The model is subsequently fine-tuned using a strategy consistent with the inference process.

D. Inference Process

Streaming Input: As text tokens arrive, the model waits until the look-ahead threshold ( $q$ ) is met.
Single-Step Decoding: For each new text token, the model predicts:
- The duration of the next text token.
- All speech tokens corresponding to the current text token.
Waveform Generation: Once the generated speech tokens exceed the decoder's chunk size, the waveform is synthesized immediately.
Complexity: The time complexity is decoupled from the speech sequence length ( $T$ ) and scales linearly with the input text length ( $L$ ), i.e., $O(L)$ . Since $L \ll T$ , this yields massive efficiency gains.

3. Key Contributions

Temporal Masked Transformer (TMT): A new paradigm that synergistically unifies AR-style sequential generation with NAR-style parallel decoding.
Streaming Synchronous Generation: The ability to generate speech immediately upon receiving the second text token, achieving true low-latency streaming without sacrificing efficiency.
Hybrid Attention Mechanism: A novel mask design that combines causal and bidirectional attention to handle duration prediction and token alignment effectively.
High-Probability Masked Pre-training: A training strategy that significantly boosts convergence speed and final model quality.

4. Experimental Results

The model was evaluated on LibriSpeech (English) and SeedTTS (Mandarin) benchmarks, comparing against CosyVoice (AR) and CosyVoice2.

Speech Quality: SyncSpeech maintains quality comparable to state-of-the-art AR models.
- WER (Word Error Rate): Comparable to CosyVoice2 (e.g., 3.07% vs 3.00% on LibriSpeech).
- MOS (Mean Opinion Score): No significant difference in naturalness (4.48 vs 4.48).
- Speaker Similarity: Nearly identical to baselines.
Latency (First-Packet Latency - FPL):
- FPL-A (Text Available): 3.7x faster than AR models on English; 5.8x faster on Mandarin.
- FPL-L (Streaming from LLM): SyncSpeech initiates synthesis after just 2 text tokens, whereas CosyVoice2 requires 5 and other baselines require the full sequence.
Efficiency (Real-Time Factor - RTF):
- 6.4x speedup on English.
- 8.8x speedup on Mandarin.
- This is attributed to the shift from $O(T)$ to $O(L)$ time complexity.
Ablation Studies:
- Removing pre-training increased WER by 1.17% and decreased UTMOS.
- Replacing Hybrid Attention with standard causal attention significantly degraded robustness (WER jumped to 8.19%), proving the necessity of bidirectional attention within token blocks.

5. Significance

Bridging the Divide: SyncSpeech successfully resolves the long-standing trade-off between the low latency of AR models and the high efficiency of NAR models.
LLM Integration: The model is specifically optimized for integration with upstream Large Language Models (LLMs).

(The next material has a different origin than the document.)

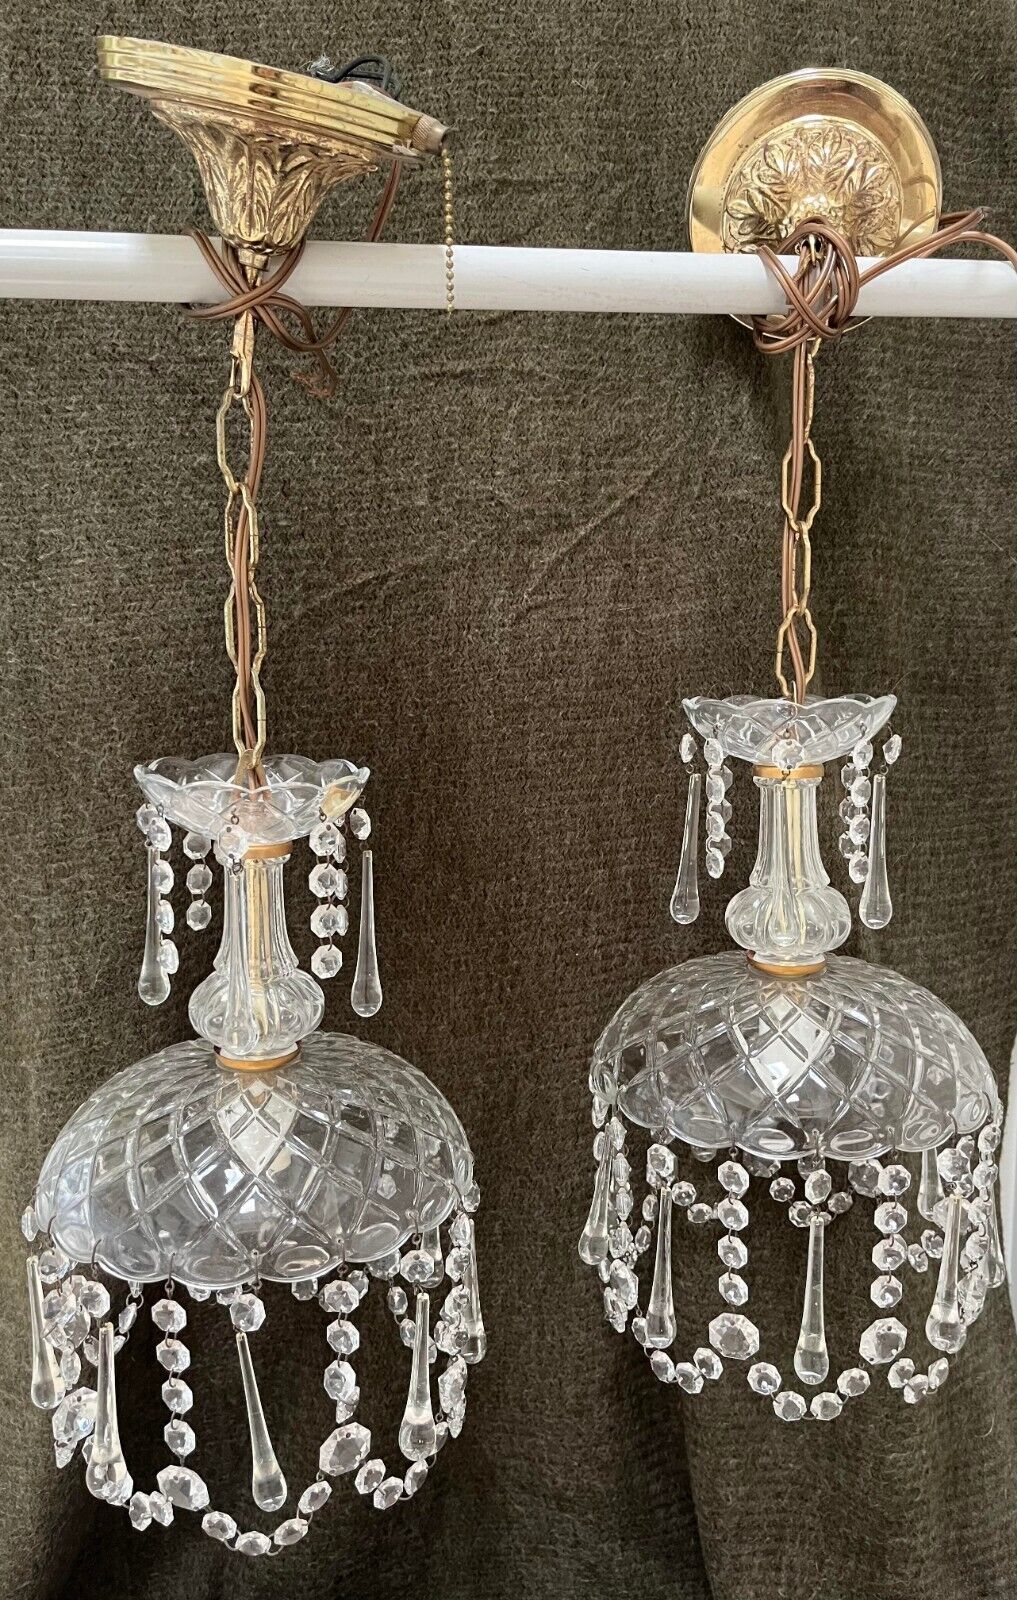 pair (2) small vintage parlor boudoir crystal chandeliers sconces or ceiling

Its ability to generate speech in sync with streaming text output makes it ideal for real-time conversational agents and video dubbing.
Scalability: By decoupling generation time from the high frame rate of speech tokens, SyncSpeech offers a scalable solution for real-time applications where milliseconds of latency matter.

In conclusion, SyncSpeech represents a foundational shift in TTS architecture, enabling high-quality, low-latency, and highly efficient speech synthesis suitable for next-generation interactive AI systems.